The sum of the work therefore is $$0$$.

## When is a vector field a gradient field?

Let vector field $$\vec F=\left\langle M,N\right\rangle$$ where $$M$$ and $$N$$ are functions of $$x$$ and $$y$$.

When is this a gradient field? $$\newcommand{pdv}{\frac{\partial #1}{\partial #2}} \vec F = \left\langle M, N \right\rangle \stackrel{?}{=} \nabla f = \left\langle \pdv{}{x}f, \pdv{}{y}f \right\rangle \nonumber$$

If $$\vec F$$ is a gradient field, $$\vec F=\nabla f$$, then \newcommand{dv}{\frac{d #1}{d #2}} \newcommand{pdv}{\frac{\partial #1}{\partial #2}} \left\{ \begin{align*} M=\pdv{}{x}f = f_x \\ N=\pdv{}{y}f = f_y \end{align*} \right.

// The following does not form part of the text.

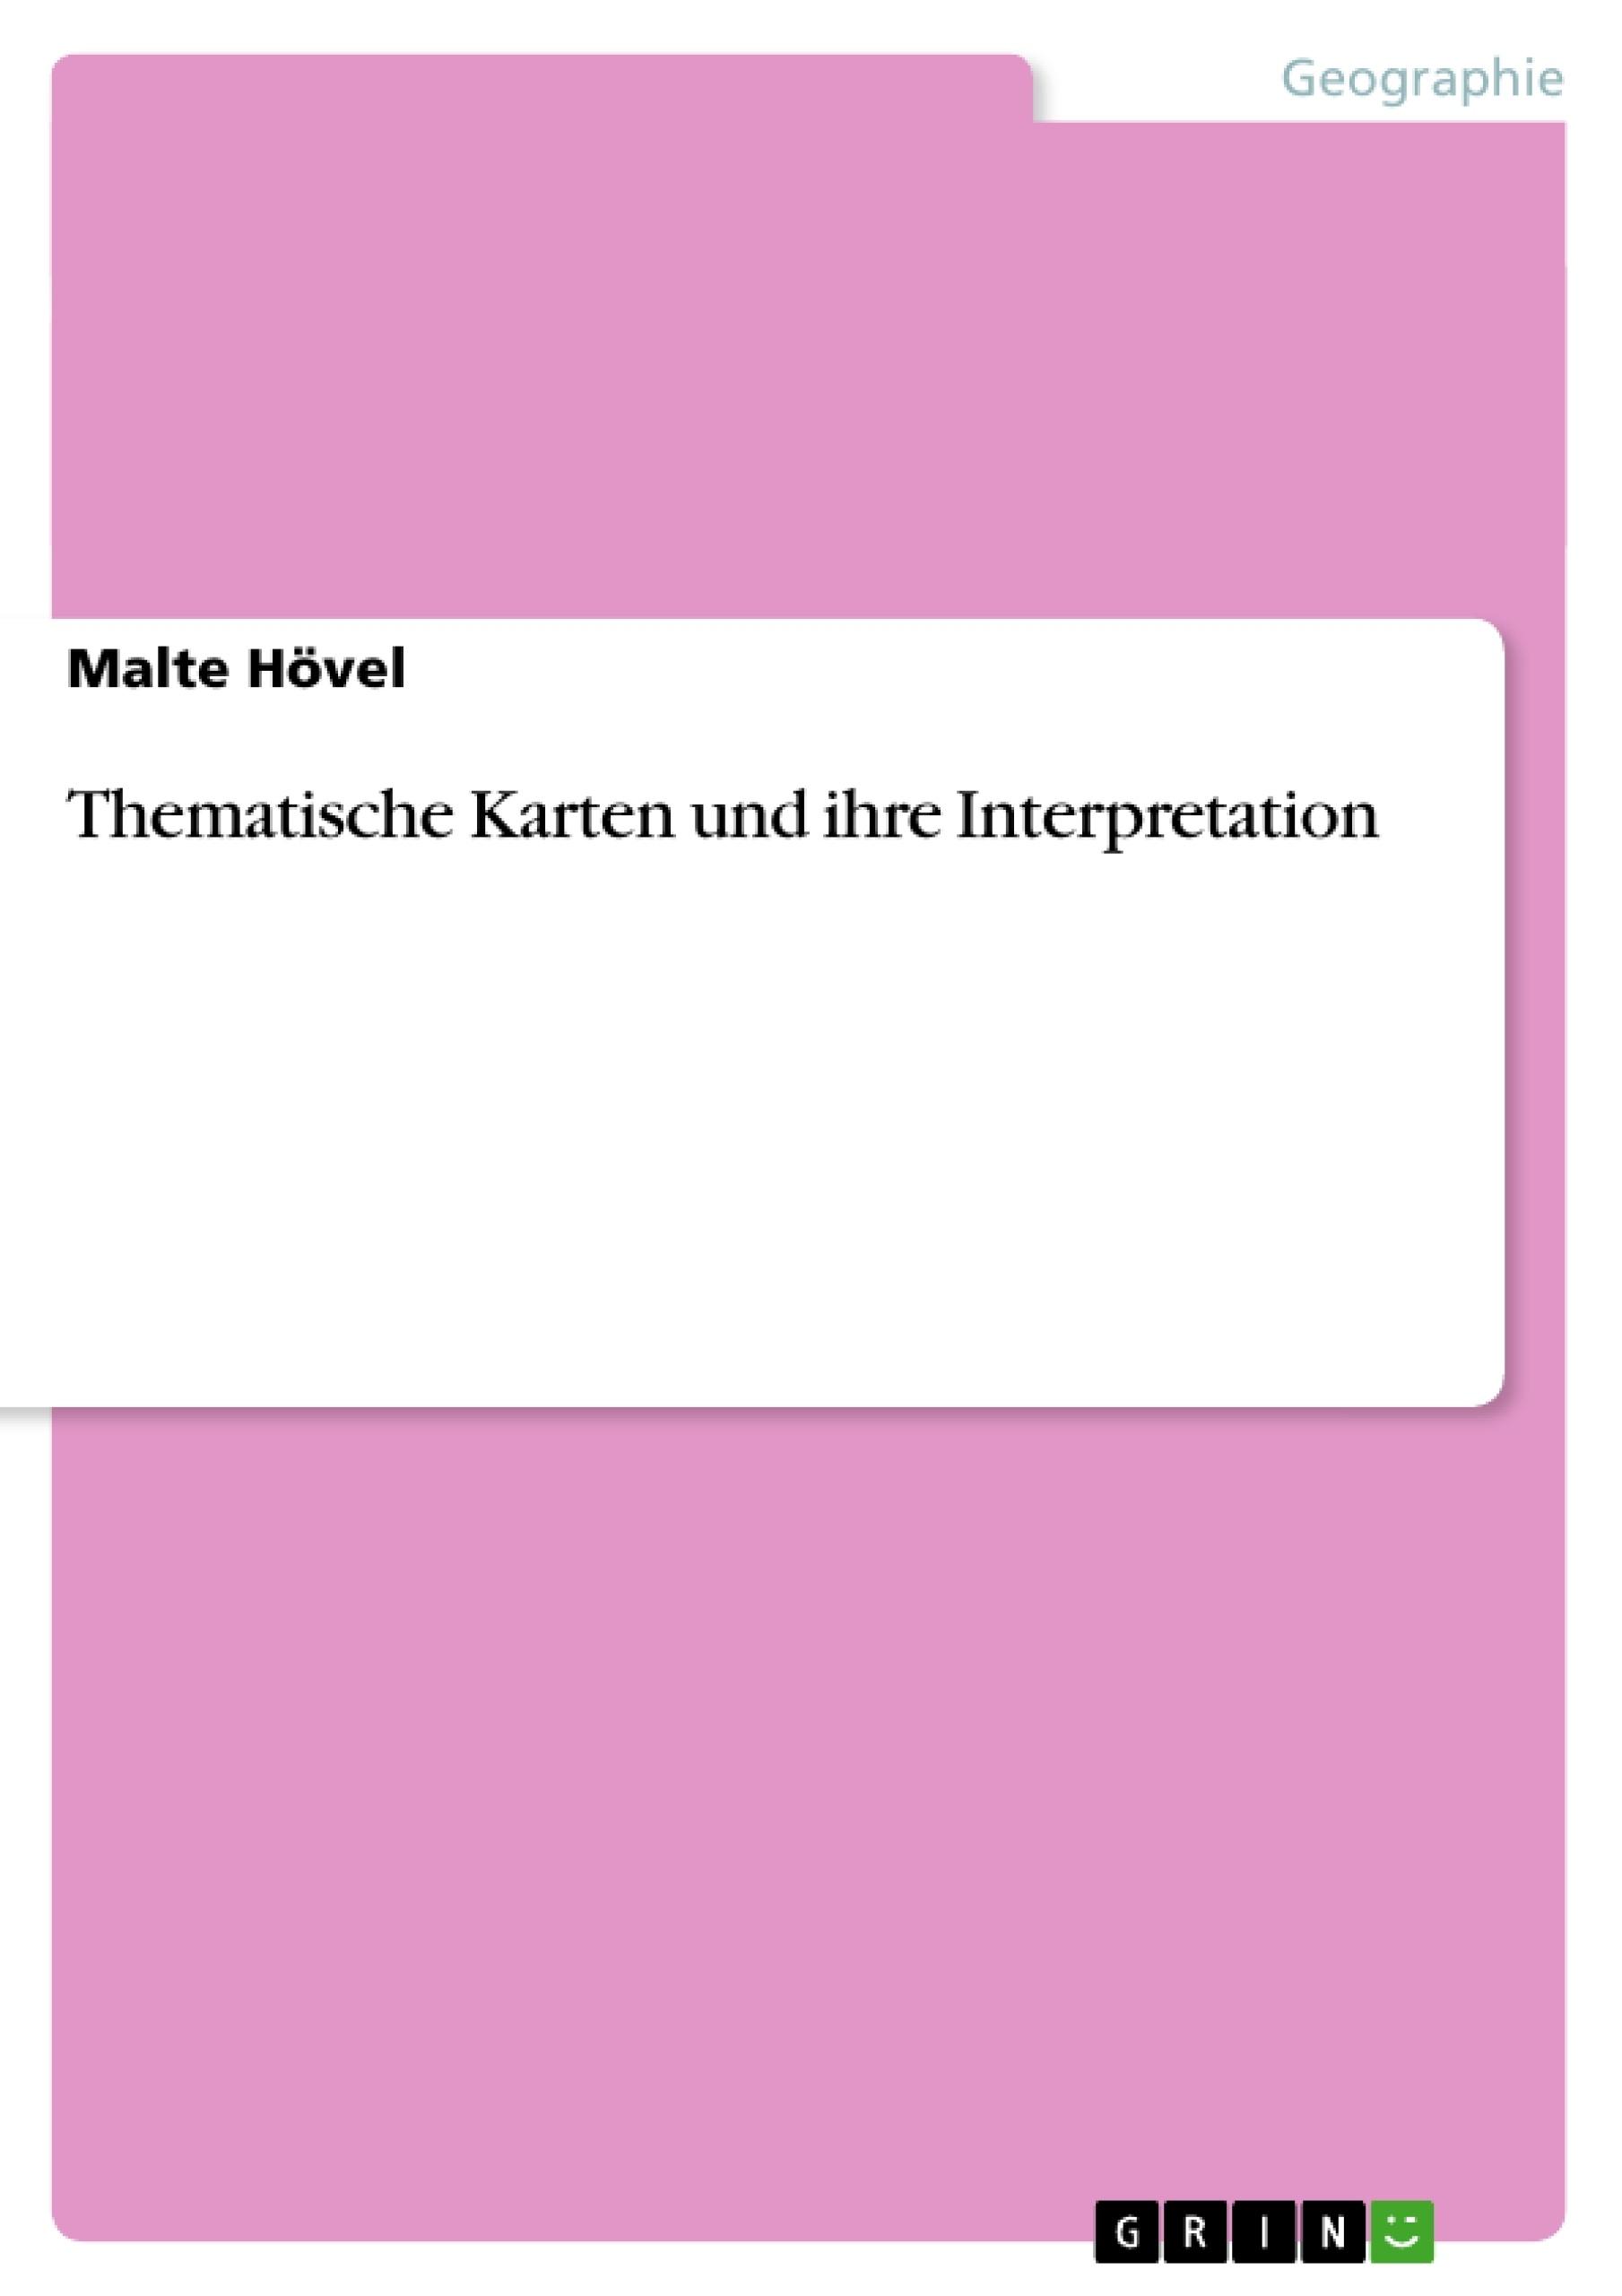 Titel: Thematische Karten und ihre Interpretation
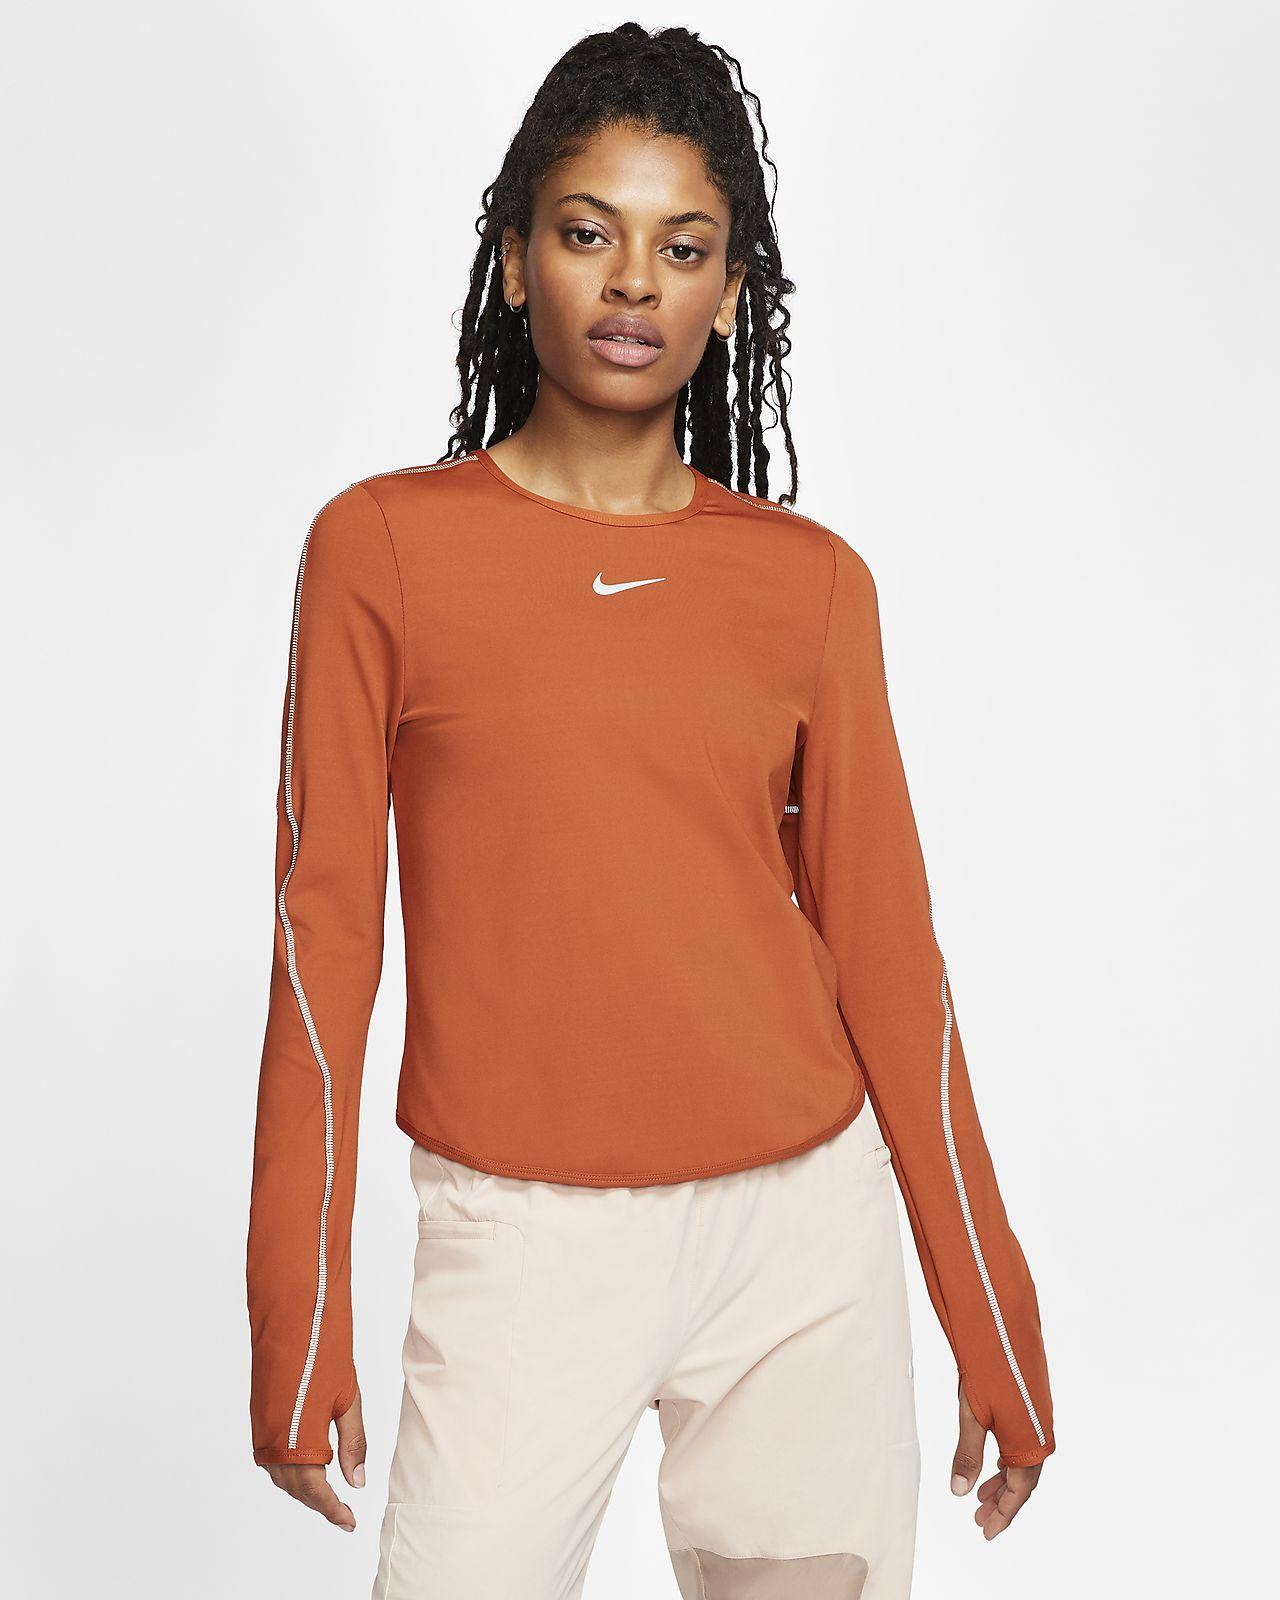 Dámské běžecké tričko Nike s dlouhým rukávem

Take the partial derivatives of $$M$$ and $$N$$ \newcommand{pdv}{\frac{\partial #1}{\partial #2}} \newcommand{ppdv}{\frac{\partial^2 #1}{\partial #2\partial #3}} \begin{align} M_y=\pdv{M}{y}=\ppdv{}{\color{red}x}{\color{blue}y}f = f_{xy} \label{eq:proof1} \\ N_x=\pdv{M}{x}=\ppdv{}{\color{blue}y}{\color{red}x}f = f_{yx} \label{eq:proof2} \end{align}

Recall: the second partial derivative of function $$f$$

$$\newcommand{dv}{\frac{d #1}{d #2}} \newcommand{pdv}{\frac{\partial #1}{\partial #2}} \newcommand{ppdv}{\frac{\partial^2 #1}{\partial #2\partial #3}} \pdv{}{\color{red}x}\left(\pdv{f}{\color{blue}y}\right) =\ppdv{f}{\color{red}x}{\color{blue}y} =\ppdv{f}{\color{blue}y}{\color{red}x} =\pdv{}{\color{blue}y}\left(\pdv{f}{\color{red}x}\right) \nonumber$$

Based on the second partial derivative rule, equations $$\eqref{eq:proof1}$$ and $$\eqref{eq:proof2}$$ are the same. That implies that a gradient field should have the property \newcommand{dv}{\frac{d #1}{d #2}} \newcommand{pdv}{\frac{\partial #1}{\partial #2}} \newcommand{ppdv}{\frac{\partial^2 #1}{\partial #2\partial #3}} \left. \begin{align*} M_y = \ppdv{}{\color{red}x}{\color{blue}y}f = f_{xy} \\ N_x = \ppdv{}{\color{blue}y}{\color{red}x}f = f_{yx} \end{align*} \right\} \Rightarrow M_y=N_x

Therefore, $$\vec F=\left\langle M,N \right\rangle$$, defined and differentiable everywhere, is a gradient field, when $$\shaded{ M_y = N_x } \nonumber$$ (Also see the Definition of Curl.)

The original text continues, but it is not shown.